EXERCISE DATA Start Marker

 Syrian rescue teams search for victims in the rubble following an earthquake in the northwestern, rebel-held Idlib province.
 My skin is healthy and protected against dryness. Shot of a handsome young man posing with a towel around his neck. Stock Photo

EXERCISE DATA End Marker
EXERCISE DATA Start Marker

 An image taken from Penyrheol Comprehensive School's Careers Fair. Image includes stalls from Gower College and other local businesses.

EXERCISE DATA End Marker
EXERCISE DATA Start Marker

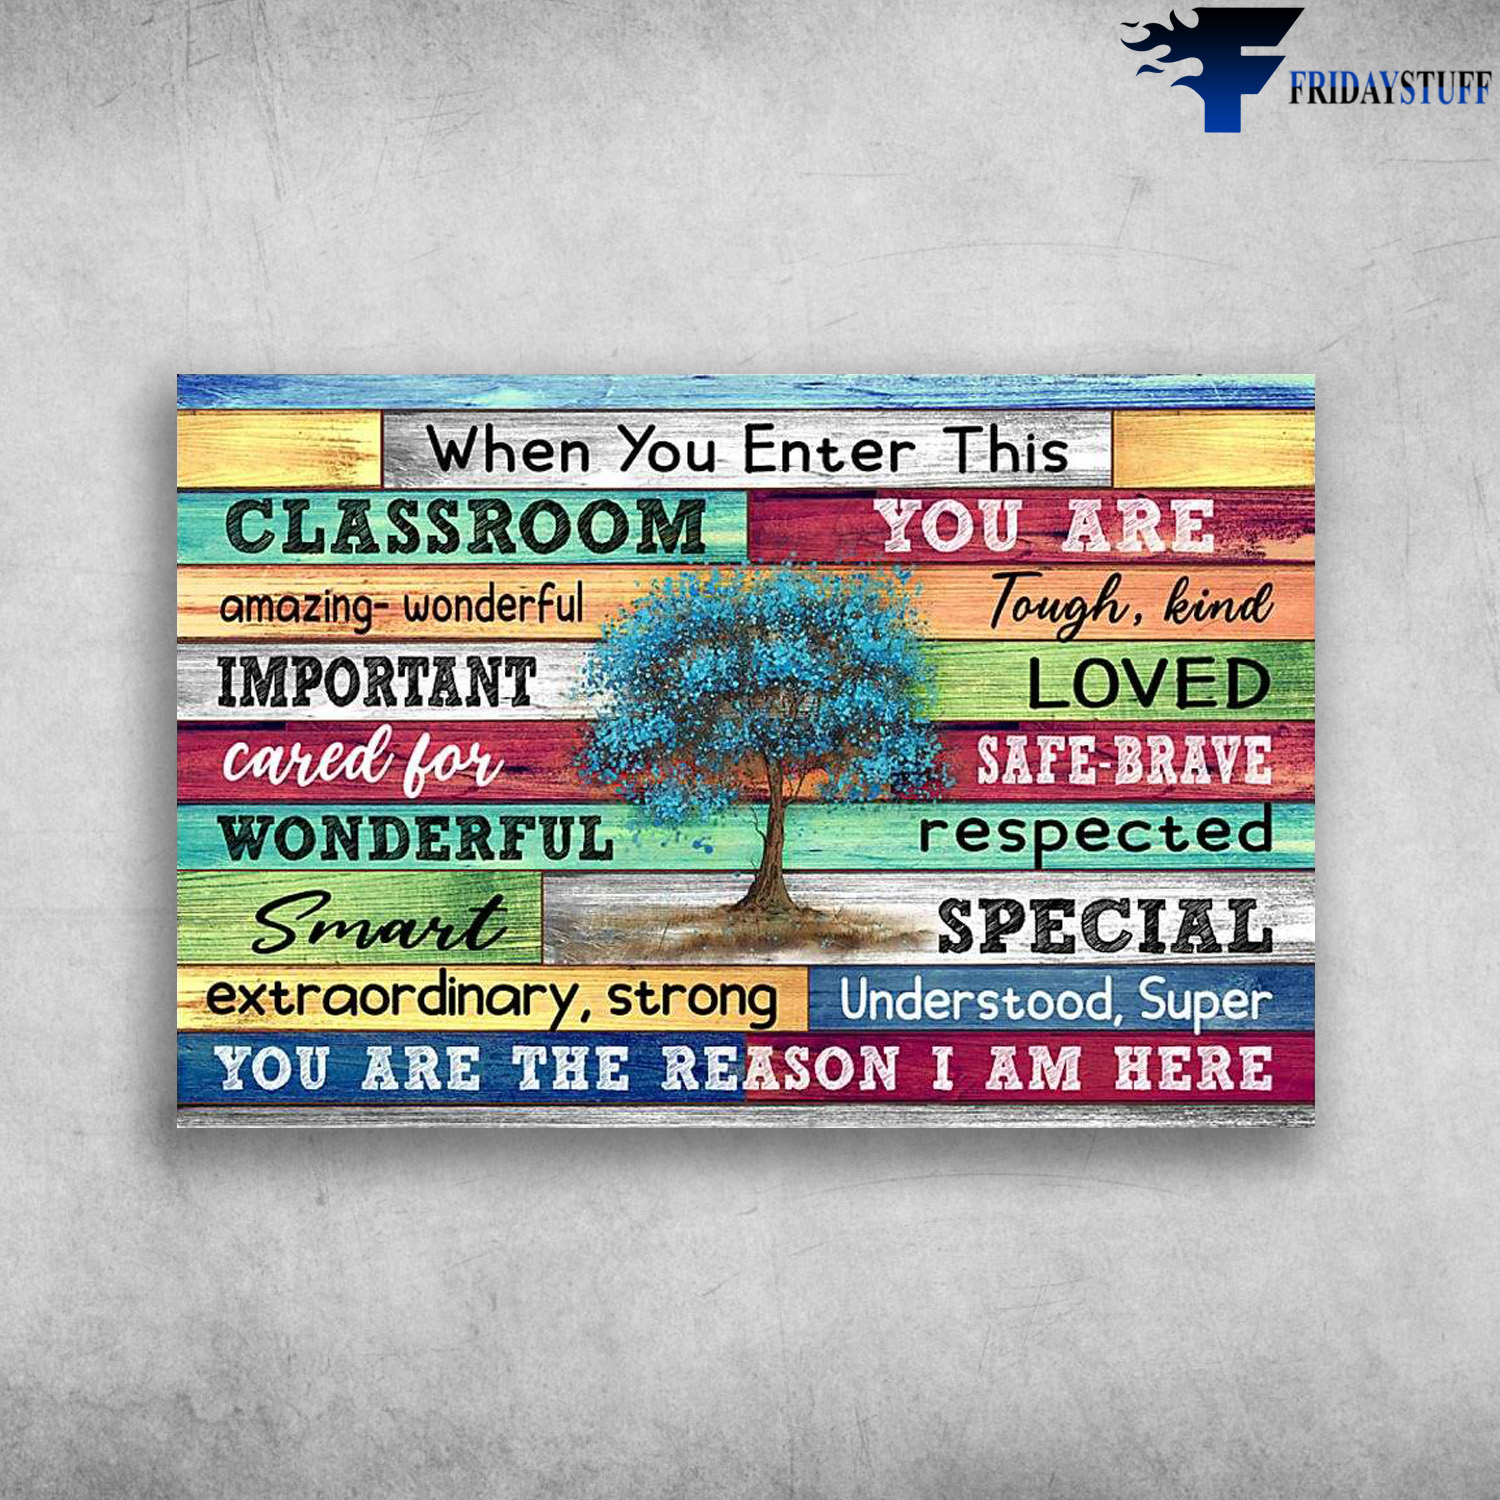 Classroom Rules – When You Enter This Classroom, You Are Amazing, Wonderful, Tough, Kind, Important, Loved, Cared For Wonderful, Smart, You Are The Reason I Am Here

EXERCISE DATA End Marker

WORK REQUIRED:
Starting at the line above that contains "Syrian rescue teams", write out each line exactly until the line that contains "My skin is healthy" has been written, and stop there.

REPLY TO THE EXERCISE:
 Syrian rescue teams search for victims in the rubble following an earthquake in the northwestern, rebel-held Idlib province.
 My skin is healthy and protected against dryness. Shot of a handsome young man posing with a towel around his neck. Stock Photo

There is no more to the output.